Analyzing these segments, W.B. Yeats said:
“Christ's two natures impelled Him to crucifixion. [Christ] went to ‘humble Himself to God,’ and also to proudly destroy the serpent in himself; his own spectre, or Satan. This Satan is the false (view of) Christ worshipped still.” - https://en.wikisource.org/wiki/The_works_of_William_Blake,_poetic,_symbolic_and_critical/2/The_Everlasting_Gospel
Yeats can write better than myself so I will quote him at length describing William Blake's reworking of Christian theology:
“Jehovah, in the persons of the Elohim, and by the agency of the Angel of the Divine Presence, created this dark world as an act of mercy and of cruelty. It is of mercy because it enables the weak emotions to look through symbols upon prophecy, and also because it passes away, being under Time. It is of cruelty because it cuts off joys of mind and adds on pains of mind — of that lower and shrunken part called body. It is also Satanic, because it is the region where the Accuser triumphs by means of the law which is 'the strength of sin,' as the lesson in the Anglican burial service reminds us. Satan is the Accuser. Accusation is the great mental sin. Other sin is merely physical, and belongs to the things of Time that pass. Accusation is not the only mental sin. Denial is equally deadly. Satan is not only the moral accuser but the denier of Imaginative truth, for he would have Reason and Memory only considered to be intellectual attributes. With these he builds the dark fiction of error — a belief in that delusive Goddess Nature, who is the mother of physical morality, and of mental immorality. She is Mary, the pure, and Rahab the Harlot. She is Rahab because she binds the red cord of blood in the eyes, the windows of the soul. She is Mary, because it is of that cord the red robe of flesh is made that was put on by Christ at the incarnation. Thus Mary is the greater Rahab. Rahab's harlotry is typical of mental mixture of convictions. It may be found in the physically pure. She is therefore called the Harlot-Virgin.
"The Image of God in which man was made is the form of the Imagination. This is common to all men and will end by becoming One Form. It will unite all. It will survive all... In a word it saves them from Satan, God of this world. Reason and memory tend also to unite men's personalities into one great Temporary Delusion. This is the great Satan, opposite of the great Saviour... [The great Satan] coheres by the water of death; fleshly instinct. It is bound by the fire of vegetation; fleshly growth and decay. At the incarnation Christ put on this water and this fire. The one burned the other. He ended by putting them both off. His mother was Law and Nature. His body was Satan. When crucified he was his own destroyer, destroying the Serpent in Himself. This Serpent, Satan, was what was nailed to the tree. This body was destroyed or devoured in three days. This devouring is the meaning of the serpent with his tail in his mouth. Christ's self-sacrifice (or suicide) was the thrusting into death of Satan, and who had become Himself as a result of the Incarnation. It was the eternal putting-off of Reason and Memory and Morality as delusions, that Imagination, Eternal Present, and Forgiveness might survive."
For Blake, Satan represents Error, not Sin. “Sin is to be forgiven, Error is not.”

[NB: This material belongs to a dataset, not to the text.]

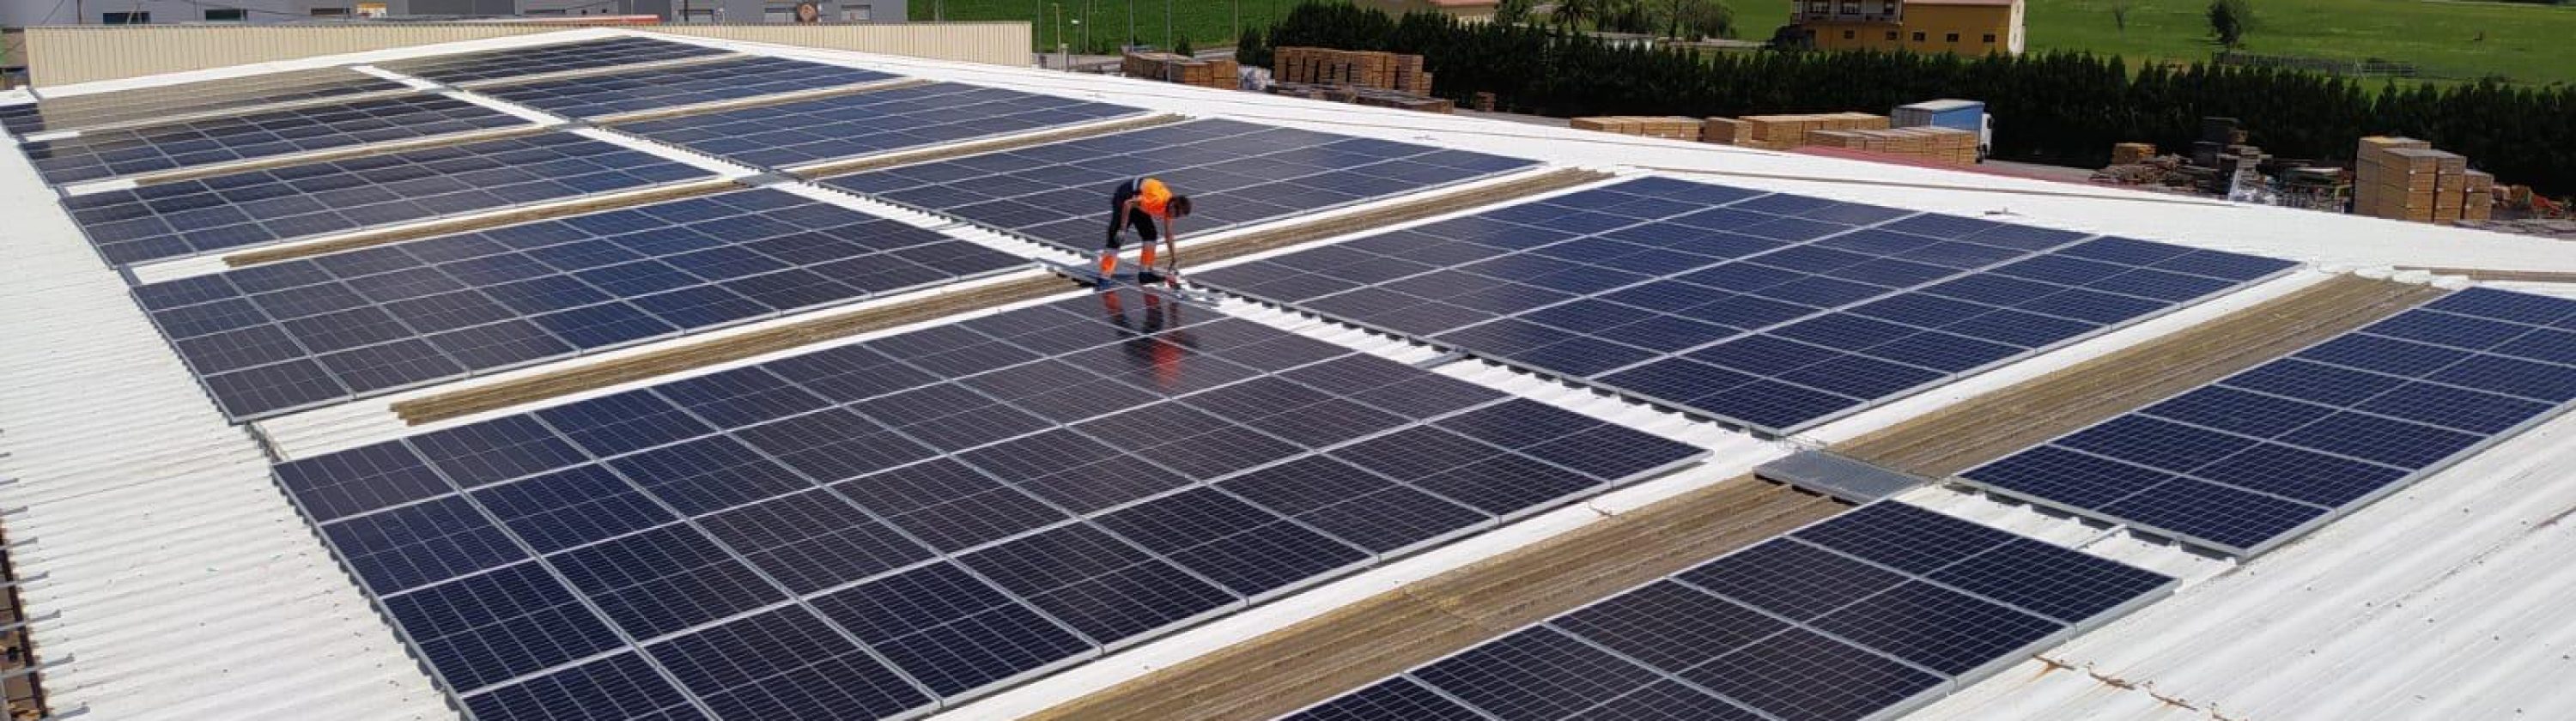 Placas solares instaladas para conseguir la eficiencia y sostenibilidad energética en el desarrollo de nuestra actividad.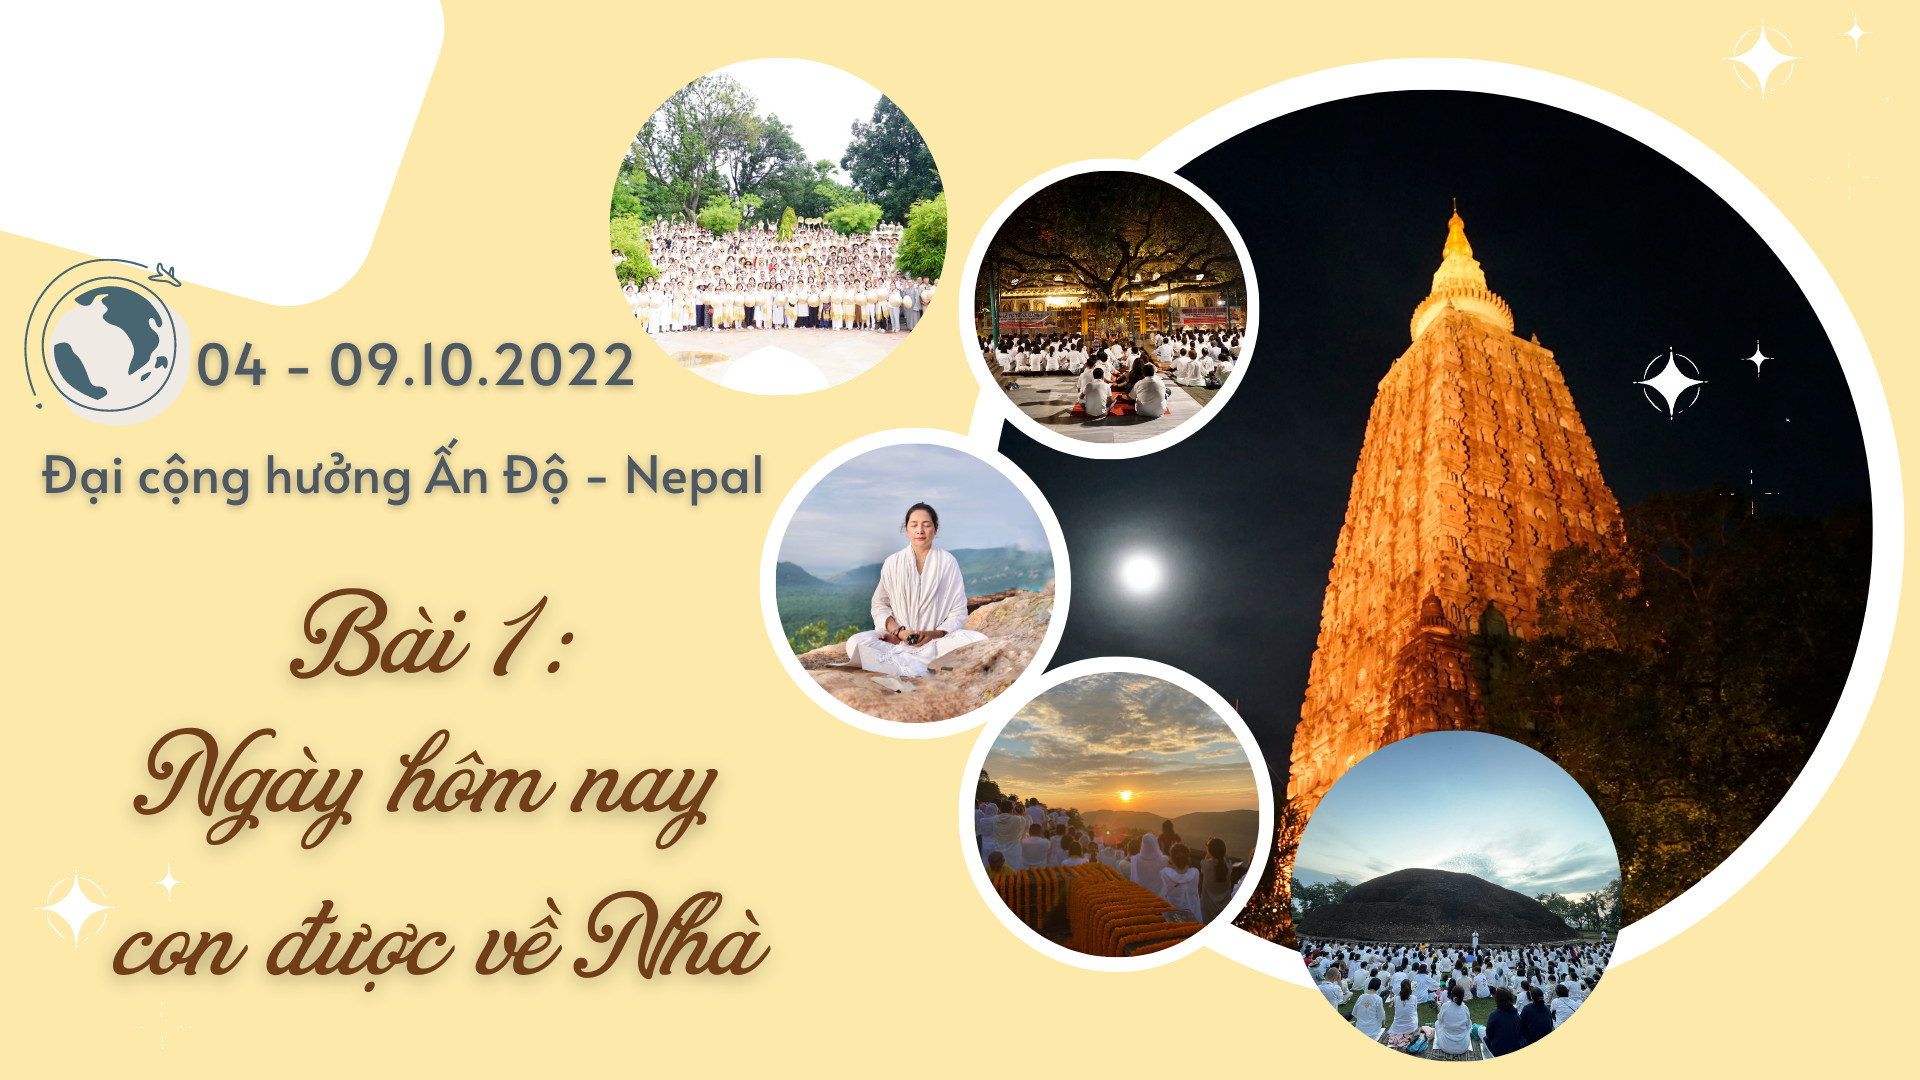 ĐẠI CỘNG HƯỞNG ẤN ĐỘ-NEPAL 2022 – BÀI 1: NGÀY HÔM NAY, CHÚNG CON ĐƯỢC TRỞ VỀ NHÀ…

Blake believes that we have re-created the same hypocritical system as the Pharisees that Jesus rebelled against, and, as with then, the hypocritical system is the primary source of Satan’s delusion today. Unlike in Jesus’s time, however, hypocrisy is as likely to be found in scientism as in moralism:
“I am your Rational Power O Albion & that Human Form / You call Divine, is but a Worm seventy inches long / That creeps forth in a night & is dried in the morning sun…
So spoke the Spectre to Albion. He is the Great Selfhood / Satan: Worshipd as God by the Mighty Ones of the Earth” - https://en.wikisource.org/wiki/Jerusalem._The_Emanation_of_the_Giant_Albion/Plate_33a

In short, Christ's "deal with the devil" was that rather than following the Divine order to preserve life made in the image of God, Christ acts through a healthy bodily-Satanic pride, which is of a lower order than Mind and imagination. Now, return to Blake's verse: “What can be done with those desperate fools / Who follow alter the heathen schools? / I was standing by when Jesus died. / What they called humility I called pride."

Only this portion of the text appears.